Even with good insurance we will have $15K or so out of pocket.  Part of that is because we switched insurance three times in the last year because of Dan's employment status, and partly because of the new fiscal year for deductibles.  (Yo, if you are going to get cancer, do it in January so you can get all your deductibles in under one year.)

Dan works hard and makes a good living.  We have economic resources.  We have good private insurance.  I had plenty of community support and family help during my surgery and treatments. We feel some of the pinch from my unforeseen medical bills.  Cancer sucks and the treatments we have for it suck worse and I can't begin to imagine the terror a lump raises for an uninsured single mother. And this is one small drop in the bucket of pain for the 30% or so at the bottom of our economic spectrum.  It doesn't have to be a catastrophic cancer diagnosis.  There are plenty of horror stories of mothers who buy food or clothes for their kids instead of their own asthma medication and die because of it.  Fathers who ignore toothaches or can't afford the antibiotics to fight a dental infection that turns septic.  What is wrong with our country when basic health care is out of reach for 30% of our population? (Yes I pulled those numbers out of my ass, but you get my point.)

I've given some thought over the past six months as to how I can give back.  I'm not one to stitch pink pillows or call a recently diagnosed stranger and tell them I'm a survivor and they can beat this.  I'm going to look for a program/organization/network that supports the most marginalized segments of our society as they deal with health crises and jump in there.  And if I can't find one, I'll start one.

In the meantime, do as I do and support organizations who provide solutions for real people.  Cancer doesn't care if you are liberal or conservative, does it?  


2 February 2012


Feeling Downright Irate....

This thing with the Komen Foundation and Planned Parenthood has gotten my knickers in a twist and I'm feeling like I need to climb the soap box.

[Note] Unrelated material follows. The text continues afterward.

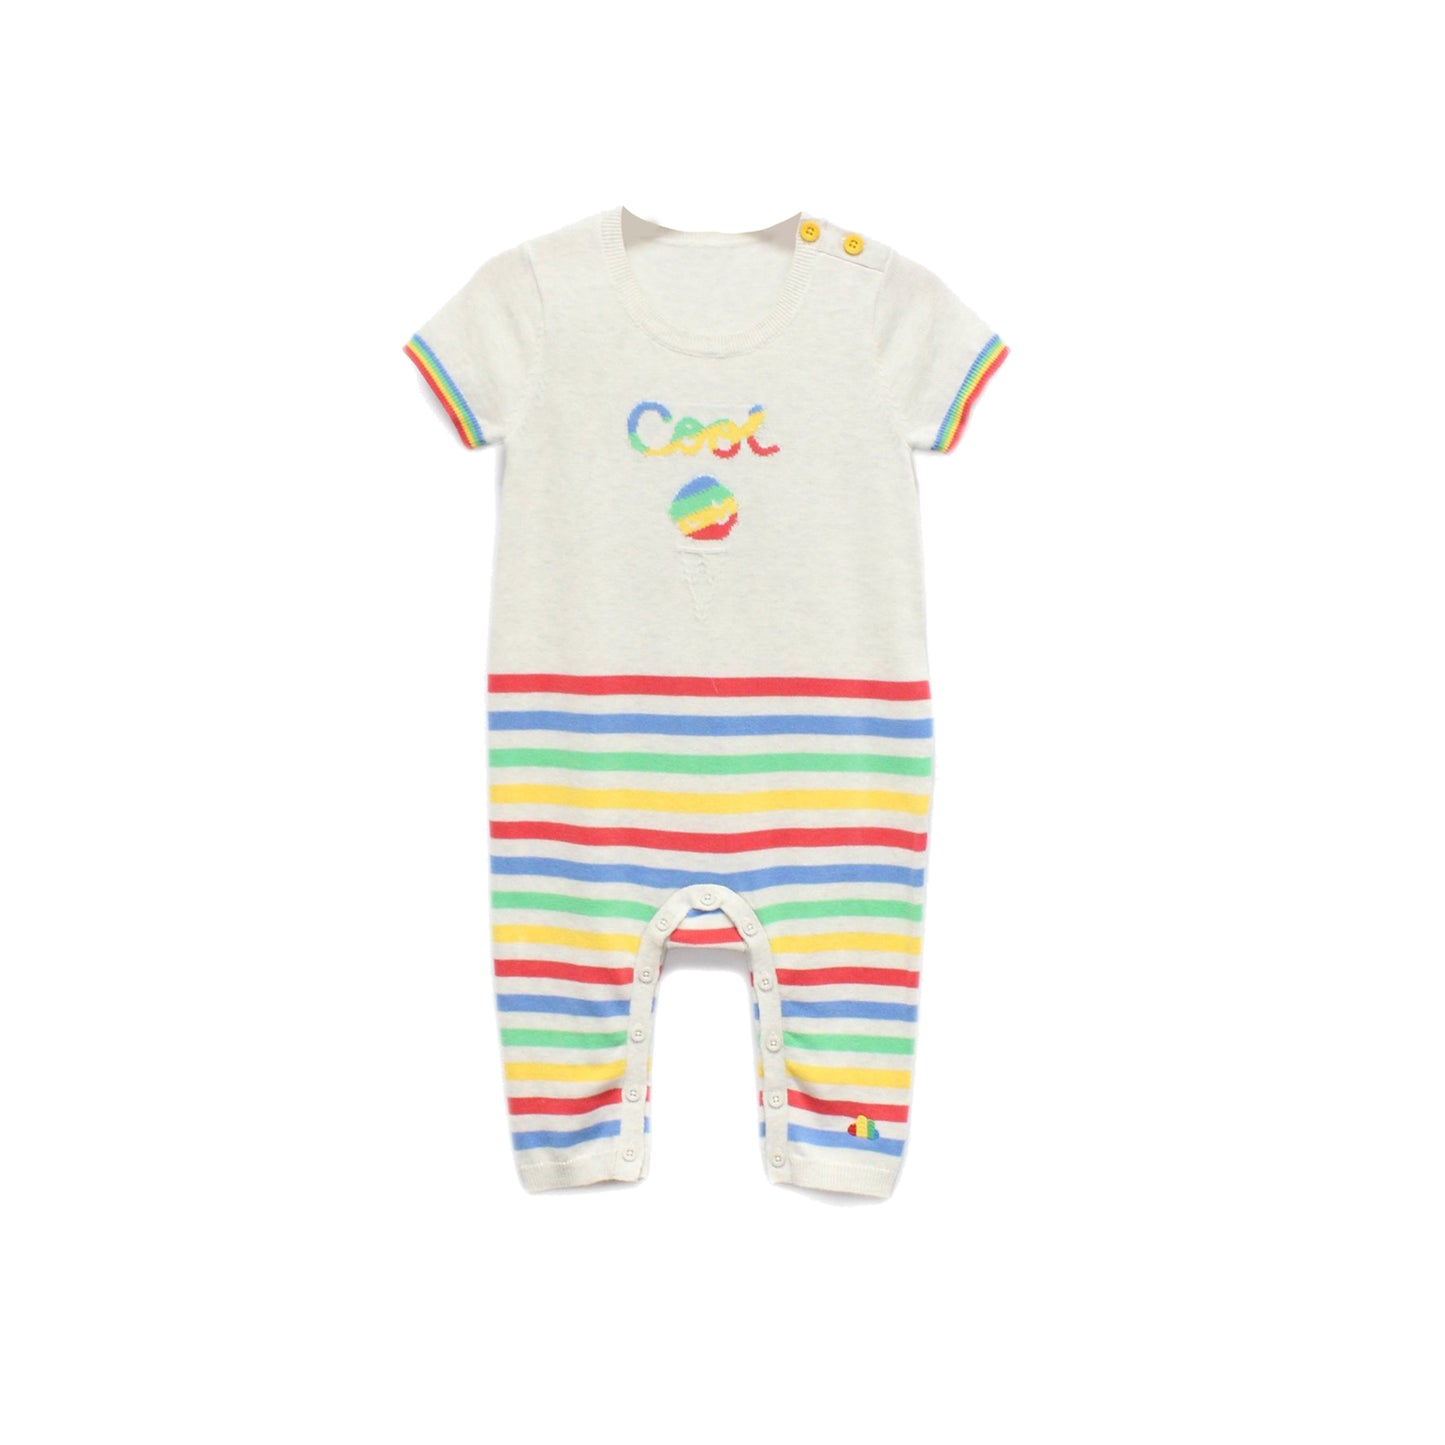 童裝BB衫有機棉 - 字母系列彩虹橫間短袖連體衣

It is my understanding, based on the NPR article, that Komen defunded PP because PP is under investigation for using government funds to provide abortions.  You know, legal medical procedures.  For its part, PP says they do not use any of the government funding to provide abortions, which make up about 3% of their annual budget.  16% of their budget goes towards providing reproductive cancer and breast cancer screenings.  35% goes towards STD testing and 35% for providing birth control.

While I do understand that some people are morally opposed to both birth control and abortions, I also know that they do so because they are pro-life.  Cancer screenings are pro-life as well.  Particularly for low income men and women who do not have any other access to healthcare.  Can some of my more conservative friends please explain to me how they justify cutting life saving medical access to the most marginalized group in this country, in the name of LIFE?

As for Komen, I've had a bit of a bone to pick with them for a while.  It's a big pink whale that has lost sight of its original charter - Susan's sister started it to raise funds for cancer research and raise awareness.  Political jockeying is an affront to Susan's memory and an insult to all of us who HAVE CANCER!

I said it last October and I maintain that the pink is meaningless, the save the ta-ta's slogans are all wrong, and while it is nice as a survivor to get a pat on the back, I don't need it as much as a widower whose wife lost the battle, a motherless child or grieving parents need sensitivity.

You know what's pink?  My mastectomy scars.  Thank god I had health insurance.